Two squadrons of the Royal Air Force where based at the racecourse. They were No. 258 Squadron RAF with Hawker Hurricanes and No. 11 Squadron RAF with Bristol Blenheims. When the Easter Sunday Raid occurred the Japanese bombed the RAF units at RAF Ratmalana yet passed over the Racecourse Airstrip without knowing it existed. This allowed the Hurricanes of No. 11 Squadron to deploy and intercept the Japanese raiders.

The Royal Navy also established a Royal Naval Air Station (RNAS) here during the duration of the war with the name HMS Bherunda. 882 Naval Air Squadron was based here.

Decline
Following the end of the war the airfield was dismantled, racecourse was reconverted back to a horse racing track. This was greatly affected after gambling and betting was banned in the country in 1956. This resulted in horse racing stopping completely in Colombo thereafter along with Nuwara Eliya Racecourse (which re-opened in 1981).
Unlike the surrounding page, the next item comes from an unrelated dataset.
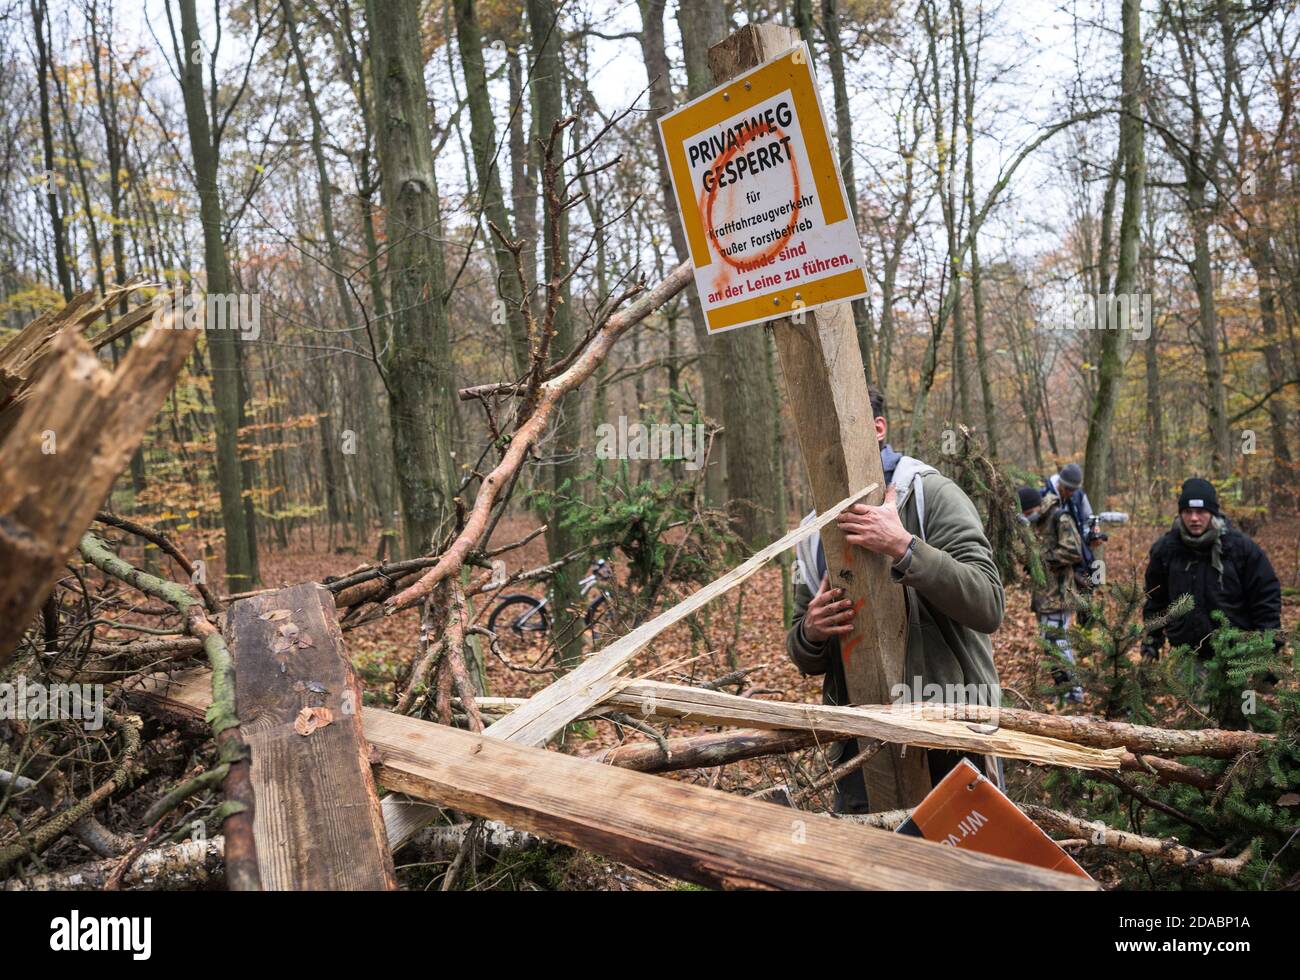 Kirtorf, Germany. 11th Nov, 2020. An activist puts up a sign 'Private road closed' in front of a barricade. Activists are currently occupying the Dannenröder Forst, demonstrating against the planned expansion of the Autobahn 49 (A49) and for the preservation of the forest area that would fall victim to the planned expansion. The police expect massive resistance to the imminent clearing of the Dannenröder Forst. Credit: Andreas Arnold/dpa/Alamy Live News Stock Photo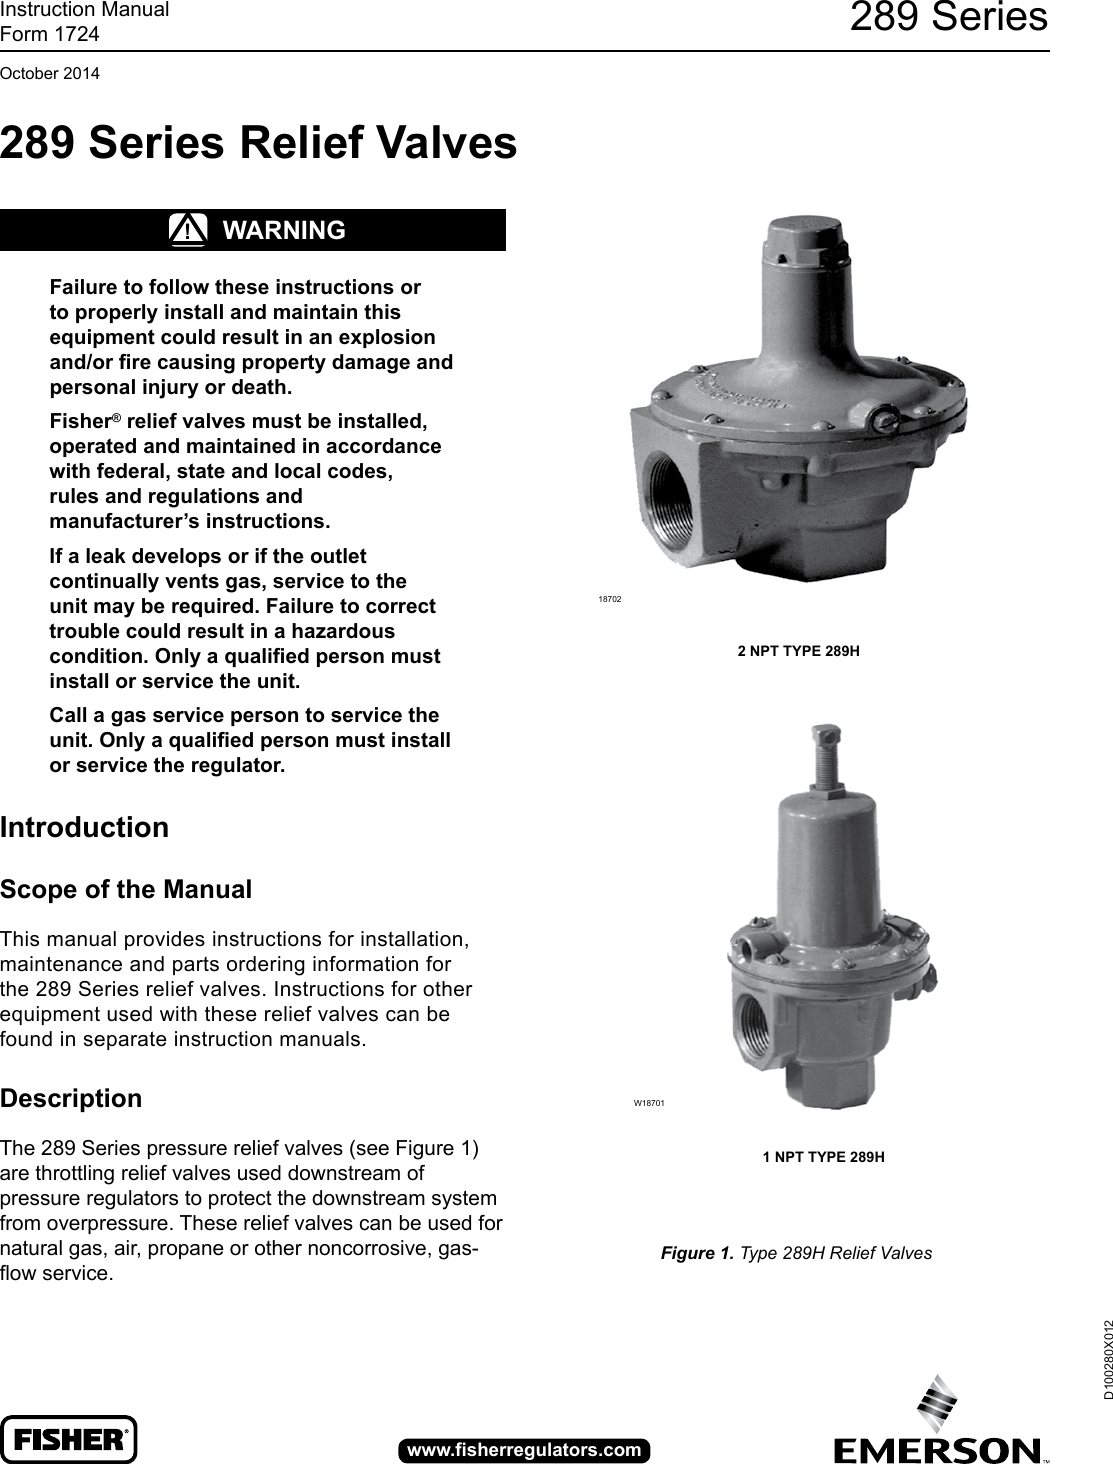 Page 1 of 12 - Emerson Emerson-289-Series-Relief-Valves-Backpressure-Regulators-Instruction-Manual-  Emerson-289-series-relief-valves-backpressure-regulators-instruction-manual

The Colombo Racecourse, the Colombo Turf Club and its grounds were taken over by the government and its large land extent was segmented and distributed to government entities. Southern parts went to the University of Colombo, the northern portion to the Department of National Archives while others to the Royal College Sports Complex, Bloomfield Cricket and Athletic Club and sporting bodies.

The Grandstand and the Colombo Turf Club building were neglected and used for different purposes. The Sri Lanka Army used it as a temporary garrison from time to time as well as the Sri Lanka Air Force used what was left racecourse grounds for landing transport helicopters.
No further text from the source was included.